Of course, one of the biggest obstacles, if not the very biggest, to such an international agreement has been the U.S. itself. The U.S. not only failed to ratify the Kyoto Protocol—the international framework to limit emissions up to the year 2012—but has also failed to put forward any meaningful stabilization strategy in its place. One of the most shocking aspects of the U.S. failure has been the country’s disregard for both international and domestic law. Yet this lawlessness looks set to change.
In recent years, the unilateralist foreign policy of the U.S. government has brazenly ignored or contravened countless aspects of international law, ranging from the Geneva Conventions to multilateral environmental treaties to which the U.S. is a signatory. This brazenness has infected the very core of policy discussions in our country. Consider an opinion piece by two distinguished professors of law at the University of Chicago, who argued in the Financial Times on August 5 that the U.S. has no obligations to control greenhouse gases, and that if other countries don’t like how the U.S. behaves and how that behavior affects them, they might think about paying the U.S. to cut its emissions. In other words, the U.S. should behave as it likes. It is up to the others to induce the U.S. to change course.
Stunningly, the law professors completely neglected that the U.S. is already bound by international law to take steps to stabilize greenhouse gases in the atmosphere under the United Nations Framework Convention on Climate Change, signed by President George H. W. Bush and ratified by the U.S. Senate in 1992, and which entered into force in 1994. The treaty holds specifically that the developed countries should take the lead in combating climate change, and should “adopt national policies . . . consistent with the objective of the Convention,” which is the stabilization of greenhouse gases at a level that prevents dangerous interferences in the climate system.
The claim of these law professors that the U.S. has no duty to avoid damaging the climate of others is flatly contradicted by the Convention and by international law. The parties to the Convention, including of course the U.S., recall in its preamble that “in accordance with the Charter of the United Nations and the principles of international law…. [States have] the responsibility to ensure that activities within their jurisdiction or control do not cause damage to the environment of other States or areas beyond the limits of national jurisdiction.”
Ironically, those law professors are running away from international law even faster than the Bush administration. John B. Bellinger III, a legal advisor to the State department, recently emphasized the administration’s commitment to international law and referred to its allegiance to a post-2012 climate change framework in that context.
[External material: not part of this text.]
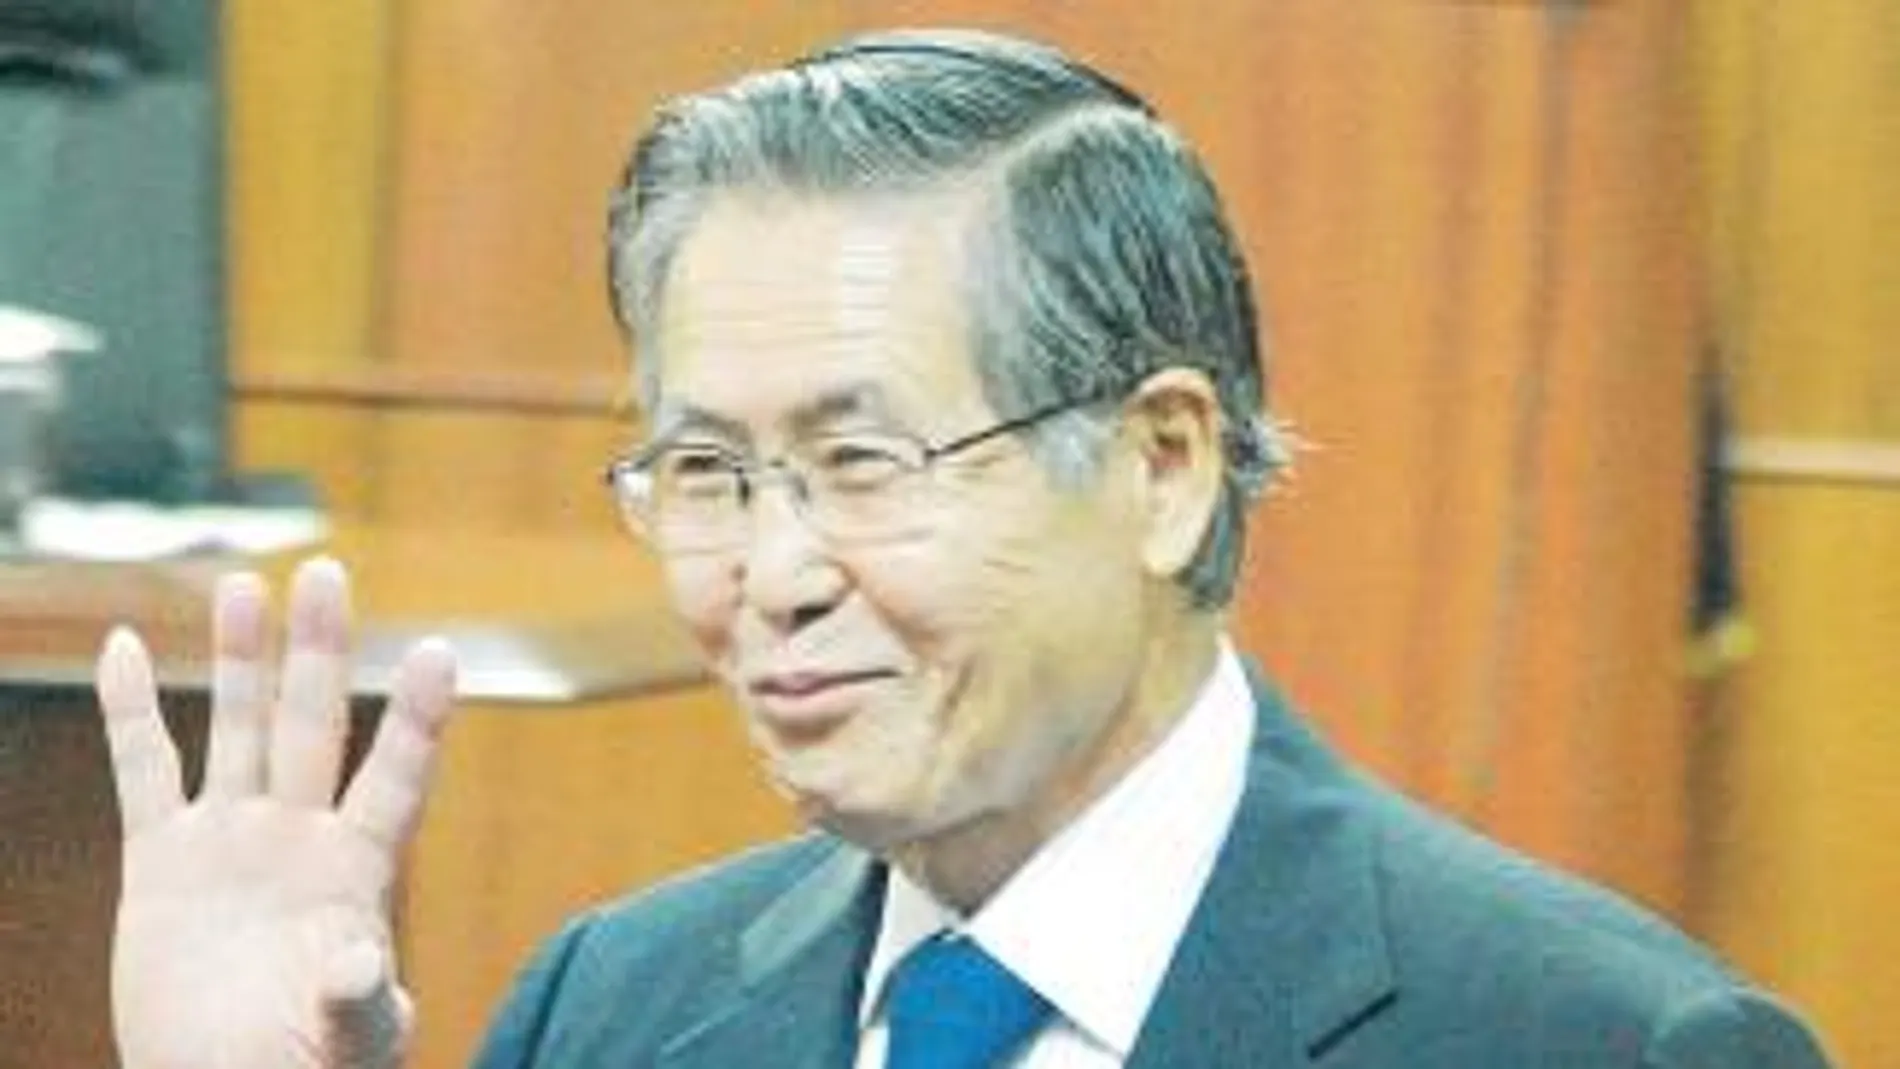 25 años de cárcel para Fujimori

He quoted Secretary of State Condoleezza Rice’s statement that “America’s moral authority in international politics also rests on our ability to defend international laws and treaties.”
The Supreme Court also weighed in recently to emphasize that U.S. domestic law also compels stronger federal action to mitigate climate change. The Commonwealth of Massachusetts, among a number of plaintiffs, sued the Environmental Protection Agency (EPA) for its failure to regulate the emission of carbon dioxide by automobiles. The EPA had argued that carbon dioxide was not a pollutant under the Clean Air Act, that Massachusetts could not sue the EPA because it lacked legal standing to do so, and that any action by the EPA would have minimal effect on climate change.
The court firmly struck down all the EPA’s defenses for inaction: it noted that the EPA is obliged to regulate any deleterious pollutant emitted by motor vehicles; that carbon dioxide clearly falls within that category; that Massachusetts had standing to sue because climate change was already claiming part of the state’s coastline, and that the state was vulnerable to considerably greater coastal losses this century if climate change is not mitigated. Moreover, it emphasized that mitigating U.S. auto emissions would have a meaningful effect on the pace of climate change. For all of these reasons, the Court ruled that the EPA was obligated to act.
The obligation to limit greenhouse gas emissions is therefore already the law of the land, vis-à-vis both international and domestic law, and it’s high time we begin respecting those laws. We should do so not only because it is important that we recognize and honor our legal commitments, but also because we made those commitments for powerful reasons of our own survival and wellbeing. Even an administration that has dragged its feet for seven years is finally beginning to face that reality.